ANAHEIM, California — Troubled Fisker Automotive reportedly fired almost all of its remaining staff this morning as the boutique maker of the premium Fisker Karma plug-in hybrid sedan struggles with rapidly mounting debt.
An unnamed source who attended Friday's termination meeting told the Reuters news service that about 160 employees are affected and that Fisker will retain about 53 senior managers and executives, primarily to pursue buyers for the company's assets.
Fisker, which owes the federal government $192 million from a widely promoted Department of Energy alternative-energy loan it received in 2009, has a $10-million payment on the loan due April 22.
The Anaheim, California-based plug-in hybrid electric carmaker has been without an income stream since the bankruptcy last summer of its only battery supplier, A123 Systems. There's been a string of woes since then, culminating in this morning's layoffs, which left only a skeleton crew according to one insider who was among those laid off.
Phones weren't being answered at the company's offices and messages left for Fisker Chief Executive Tony Posawatz and several of the company's media spokesmen had not been returned by publication deadline.

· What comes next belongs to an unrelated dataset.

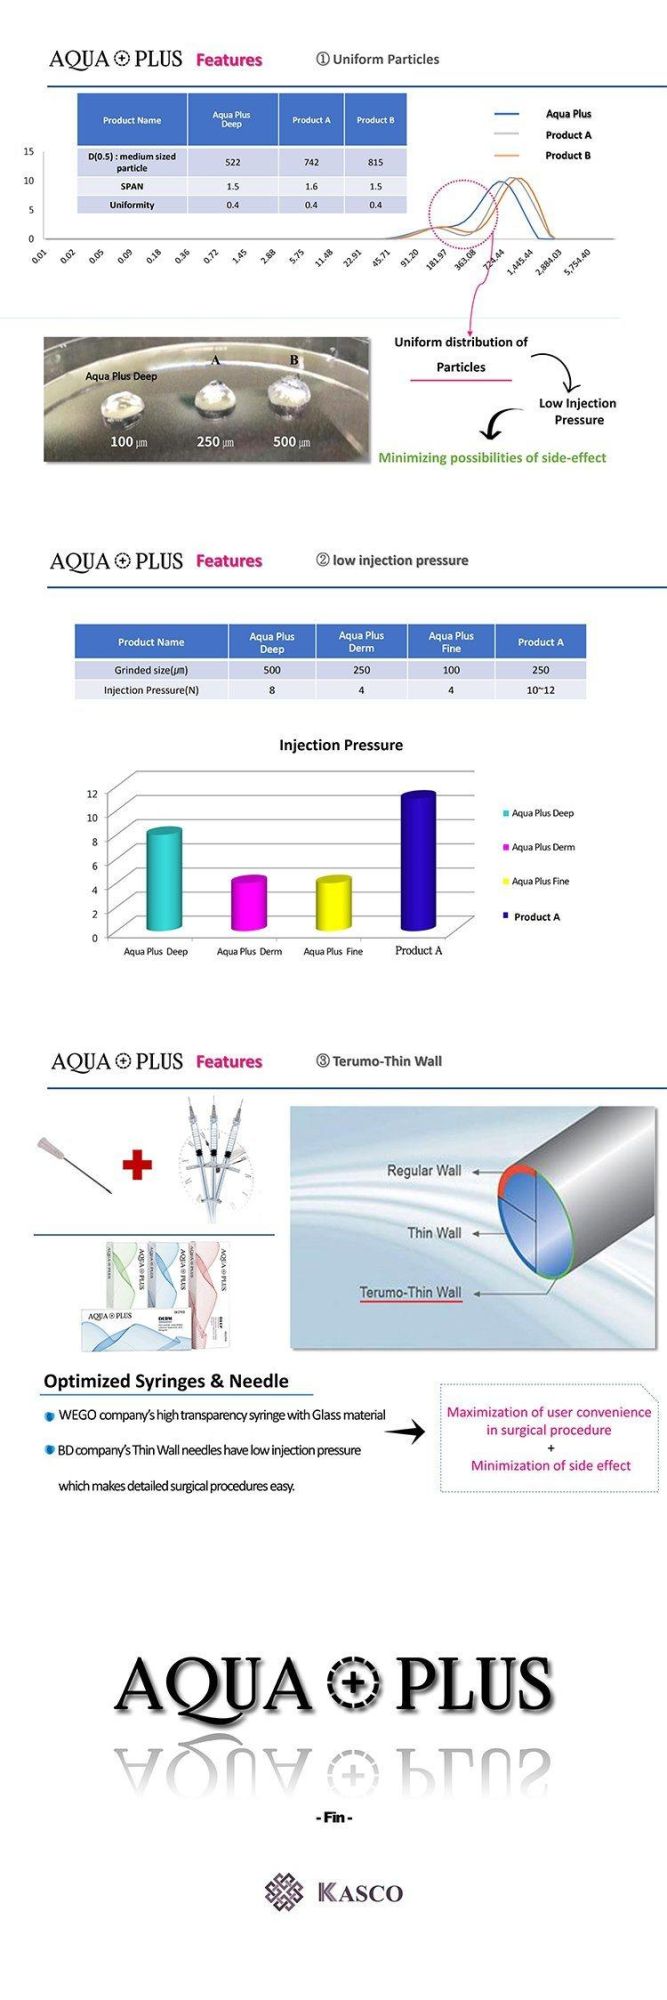 Aqua Plus Cross Linked Injectable Hyaluronic Acid Dermal Filler 2ml Injection for Cheek

Company founder and former chairman Henrik Fisker (who resigned last month in a dispute with the automaker's board) could not be reached for comment.
Fisker builds an exotic $100,000-plus sports sedan that uses twin electric motors powered by a grid-rechargeable (plug-in) lithium-ion battery pack and an onboard four-cylinder turbocharged gasoline engine that serves as a generator to extend the car's range when the initial battery charge is depleted.
Using a contract automotive assembly firm in Finland, the company built and delivered several thousand of its initial model, the Fisker Karma, before shutting down production in July 2012 with the loss of battery supplier A123.
As efforts to find new investors floundered late last month, Fisker hired the bankruptcy law firm of Kirkland & Ellis to prepare for a possible reorganization filing, a filing that is looking to be closer to reality.
Fisker reportedly has only about $30 million in cash left in its coffers, plus $15 million due from a recent court settlement with the bankruptcy estate of A123.
The automaker at one time looked to be a success story in the tumultuous world of advanced-technology automotive start-ups. It succeeded over a few short years in raising $1.2 billion in private capital, snagged a $529-million loan guarantee from the DOE and acquired a shuttered General Motors plant in Delaware to use as a U.S. production facility.
But Fisker experienced multiple delays in getting its first cars into production, was stung by reports of several fires that destroyed customers' $100,000-plus vehicles, faced two recalls for faulty batteries and wiring, lost several hundred cars to storm damage during Hurricane Sandy and lost its only battery supplier in July when A123 went under.
Because of its production delays with the Karma and with getting the Delaware factory ready for its proposed second plug-in vehicle, the Fisker Atlantic, the company also last year lost access to funding from the federal loan after pulling down $192 million of the $529 million.
Henrik Fisker resigned last month, reportedly over a disagreement regarding the board's intent to sell controlling interest in the company to a Chinese bidder if one could be found. Fisker reportedly told acquaintances he would have lost all input had that happened.
Several prospective Chinese deals apparently have fallen apart, though. Automaker Zhejiang Geeley Group, owner of Volvo Cars, reportedly pulled out of talks in part because it felt that Fisker's federal loan would complicate investment by a Chinese firm. Another Chinese company reported to have been interested in Fisker, the state-controlled Dongfeng Motor Group, withdrew over concerns about the costs involved in rescuing the company, according to analyst reports.
Edmunds says: If bankruptcy turns out to be Fisker's next move, the results could be interesting. The company pledged its property and intellectual assets to the Energy Department as loan collateral.